Hop-derived food supplements and beers contain the prenylflavonoids xanthohumol (X), isoxanthohumol (IX) and the very potent phyto-oestrogen (plant-derived oestrogen mimic) 8-prenylnaringenin (8-PN). The weakly oestrogenic IX can be bioactivated via O-demethylation to 8-PN. Since IX usually predominates over 8-PN, human subjects may be exposed to increased doses of 8-PN. A dietary intervention trial with fifty healthy post-menopausal Caucasian women was undertaken. After a 4 d washout period, participants delivered faeces, blank urine and breath samples. Next, they started a 5 d treatment with hop-based supplements that were administered three times per d and on the last day, a 24 h urine sample was collected. A semi-quantitative FFQ was used to estimate fat, fibre, alcohol, caffeine and theobromine intakes. The recoveries of IX, 8-PN and X in the urine were low and considerable inter-individual variations were observed. A five-fold increase in the dosage of IX without change in 8-PN concentration resulted in a significant lower IX recovery and a higher 8-PN recovery. Classification of the subjects into poor (60%), moderate (25%) and strong (15%) 8-PN producers based on either urinary excretion or microbial bioactivation capacity gave comparable results.

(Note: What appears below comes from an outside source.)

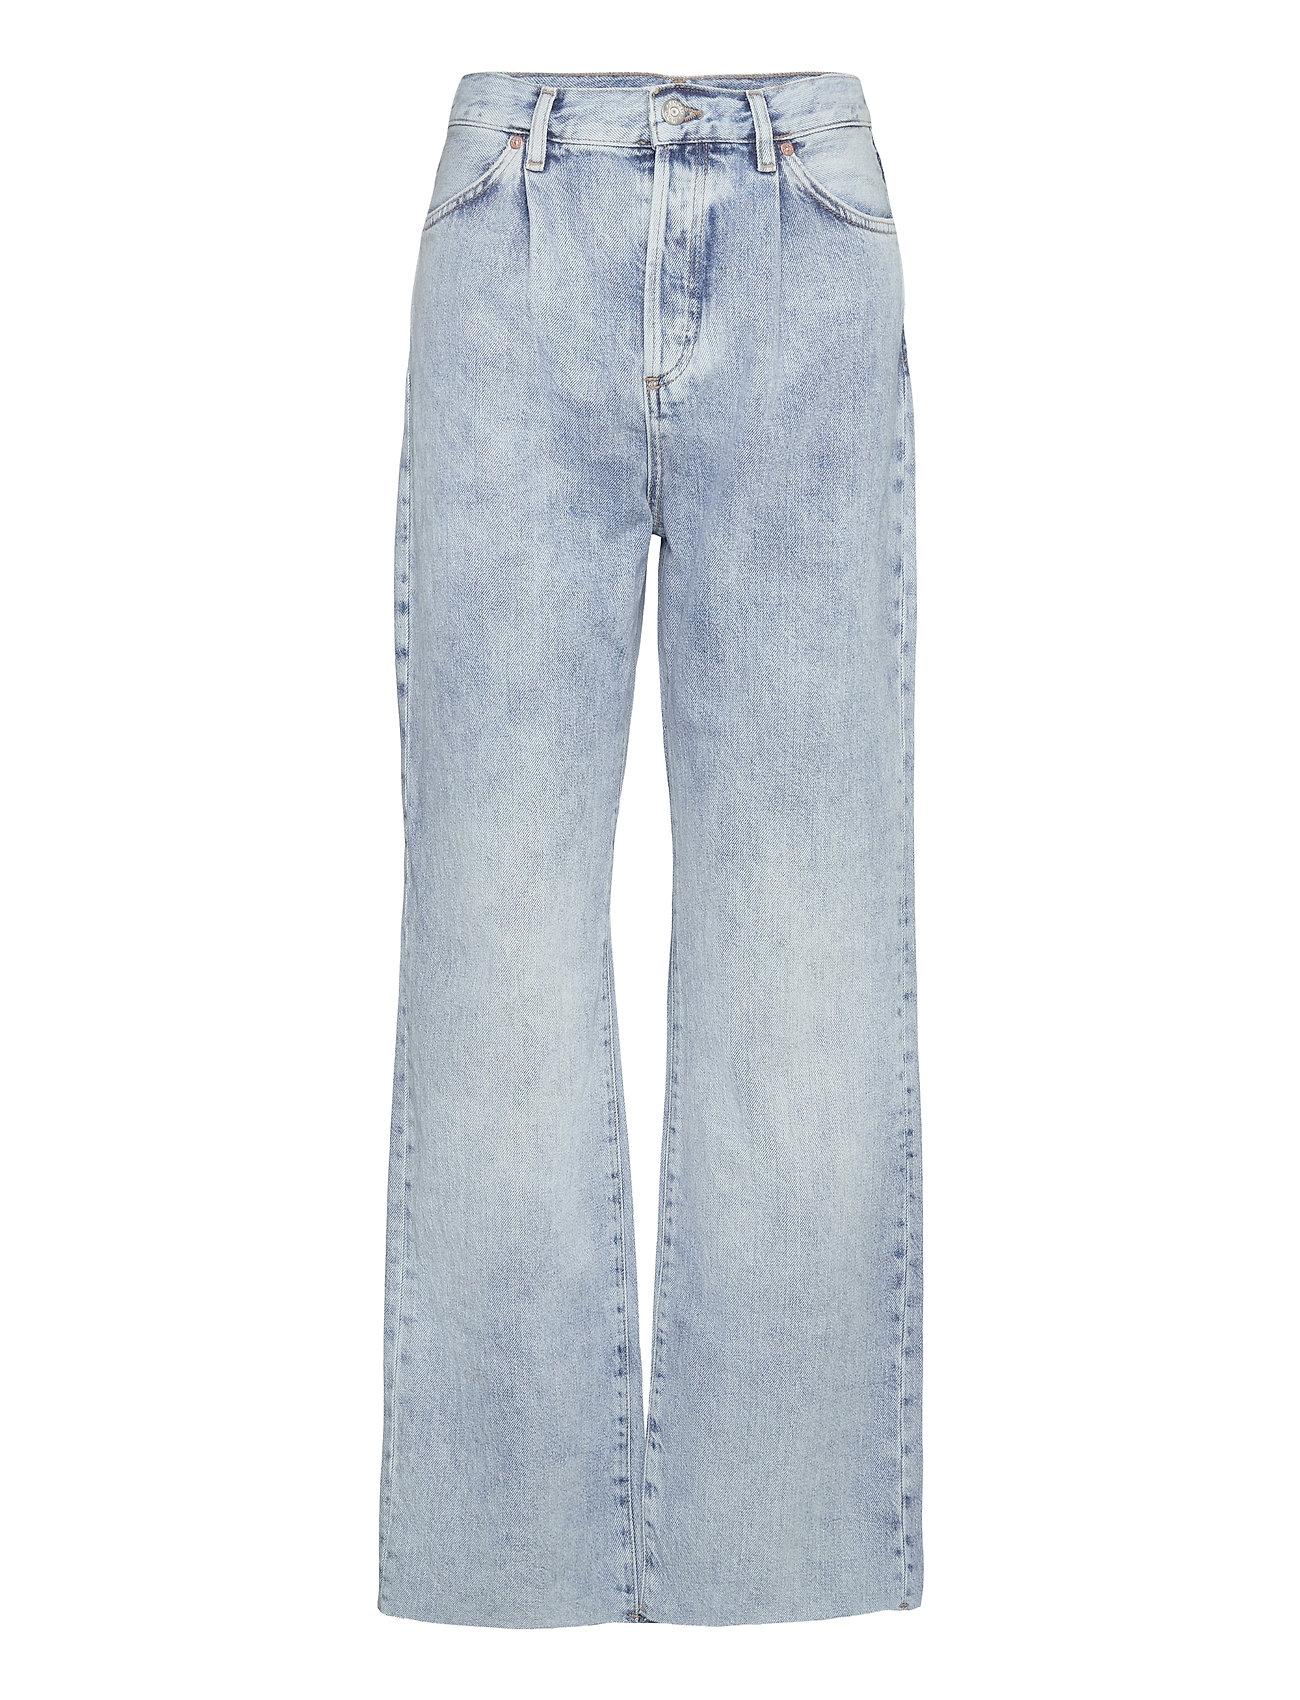 Image of Daniela Vide Jeans Blå Mango (3465460861)

Recent antibiotic therapy seemed to affect the 8-PN production negatively. A positive trend between methane excretion and 8-PN production was observed. Strong 8-PN producers consumed less alcohol and had a higher theobromine intake. From this study we conclude that in vivo O-demethylation of IX increases the oestrogenic potency of hop-derived products.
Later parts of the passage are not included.